Conheça mais do esporte mais veloz da patinação dos Jogos de Inverno!
Conheça mais do esporte mais veloz da patinação dos Jogos de Inverno!

*Por Duda Castro
FICHA TÉCNICA
Local de disputa: Milano Ice Skating Arena, Milão
Período: 10 a 20 de fevereiro de 2026
Delegações participantes: 24
Total de atletas: 112 (57 homens e 55 mulheres)
Brasil: Não classificado
A patinação de velocidade em pista curta (short track) é um dos esportes mais eletrizantes dos Jogos Olímpicos de Inverno. Diferente da patinação de velocidade tradicional, em que os atletas competem contra o relógio, aqui eles disputam diretamente entre si, o que adiciona estratégia, contato físico e decisões em frações de segundo às provas.
As corridas acontecem em uma pista oval de 111,12 metros, podendo ser disputada na mesma arena onde são disputadas a patinação artística e hóquei no gelo. Como as curvas são constantes, os atletas se inclinam agressivamente, muitas vezes tocando o gelo com a mão para manter o equilíbrio. Quedas e colisões fazem parte da modalidade, por isso as bordas da pista são estofadas e os patinadores utilizam equipamentos de proteção obrigatórios.

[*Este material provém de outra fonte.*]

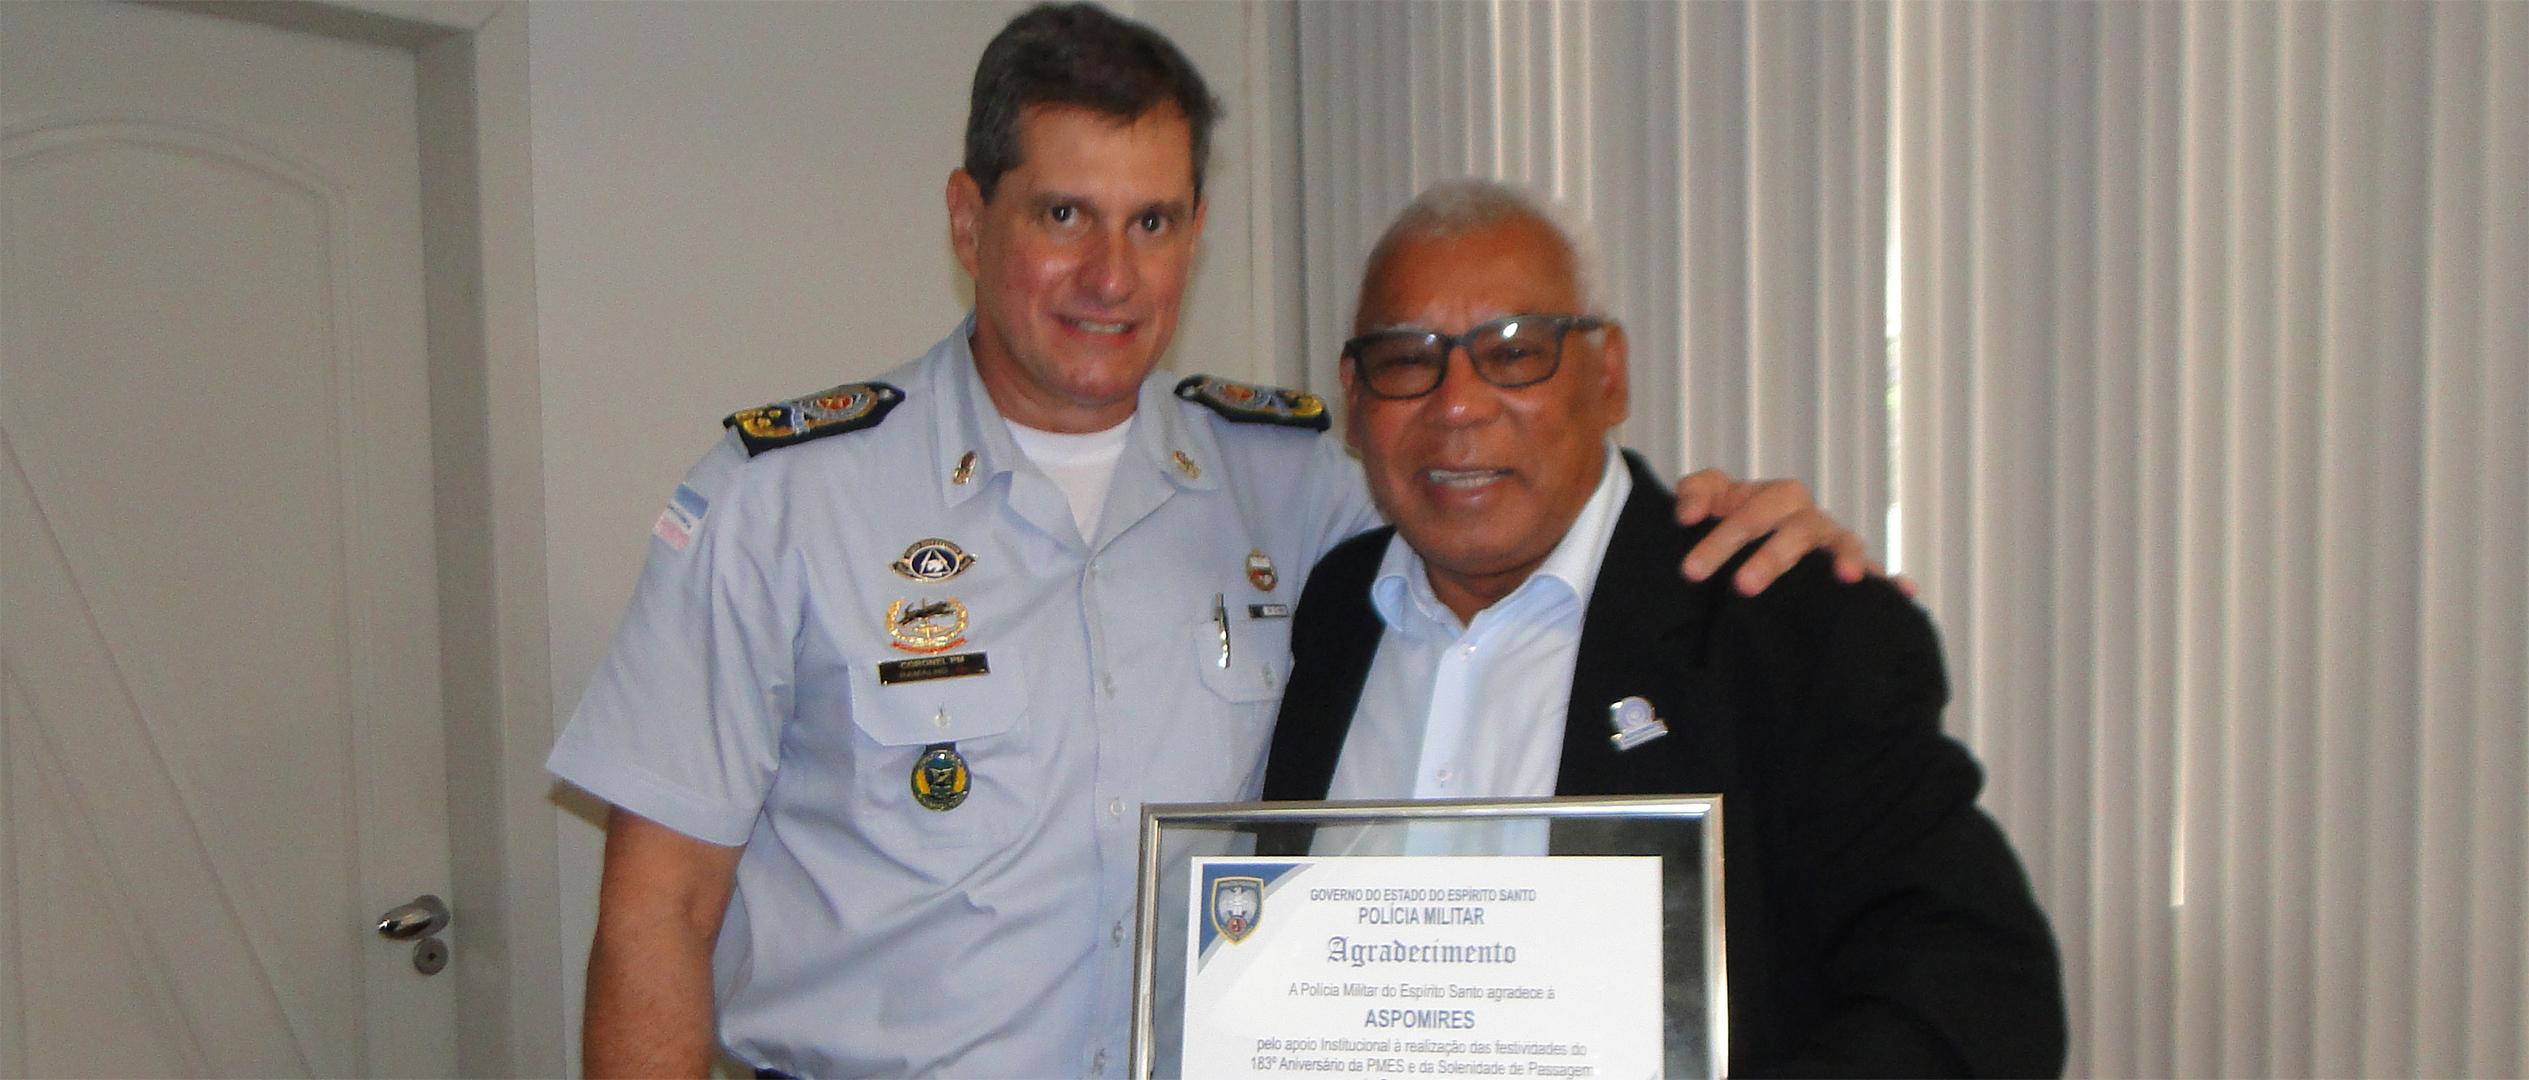 Comandante geral da PMES homenageia a Aspomires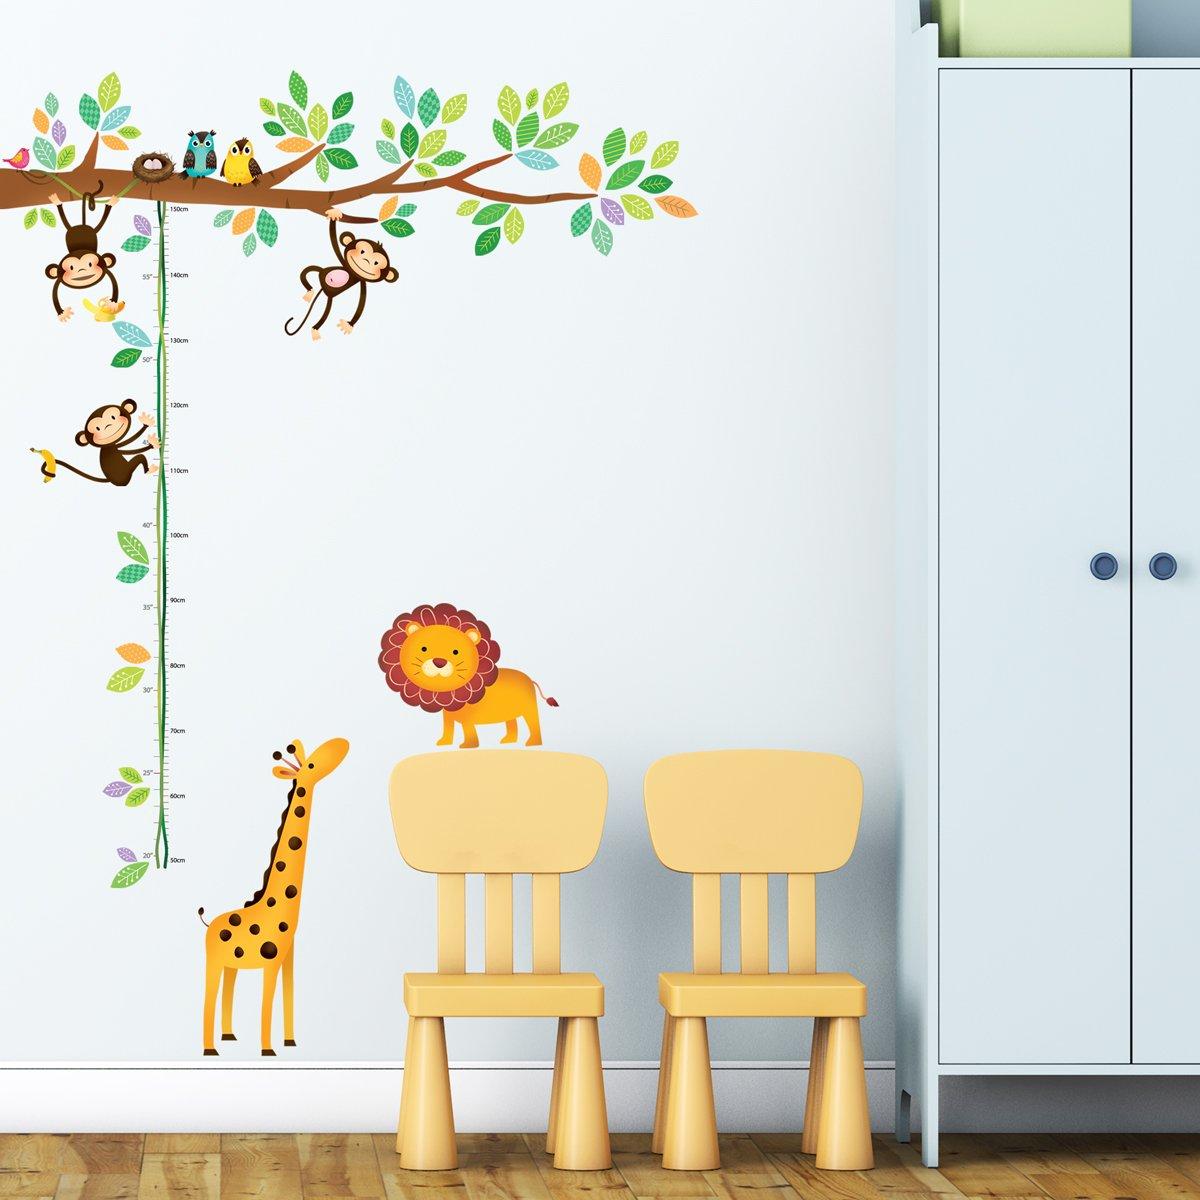 Decowall DW-1402 Albero con Scimmiette e Tabella di Altezza con Animali Adesivi da Parete Decorazioni Parete Stickers Murali Soggiorno Asilo Nido Camera da Letto per Bambini

A modalidade apareceu pela primeira vez como esporte de demonstração nos Jogos de Calgary 1988 e entrou oficialmente no programa olímpico em Albertville 1992, com provas individuais e de revezamento.
Desde Salt Lake City 2002, o programa passou a contar com oito provas. A grande novidade recente foi a inclusão do revezamento misto por equipes, que estreou em Pequim 2022 e está confirmado também para Milano-Cortina 2026.
A Coreia do Sul é a grande potência da patinação em pista curta. São 26 ouros, 16 pratas e 11 bronze, muito à frente da segunda colocada China, com 12 ouros,16 pratas e nove bronzes. Em terceiro está o Canadá com 10 ouros, 13 pratas e 14 bronzes.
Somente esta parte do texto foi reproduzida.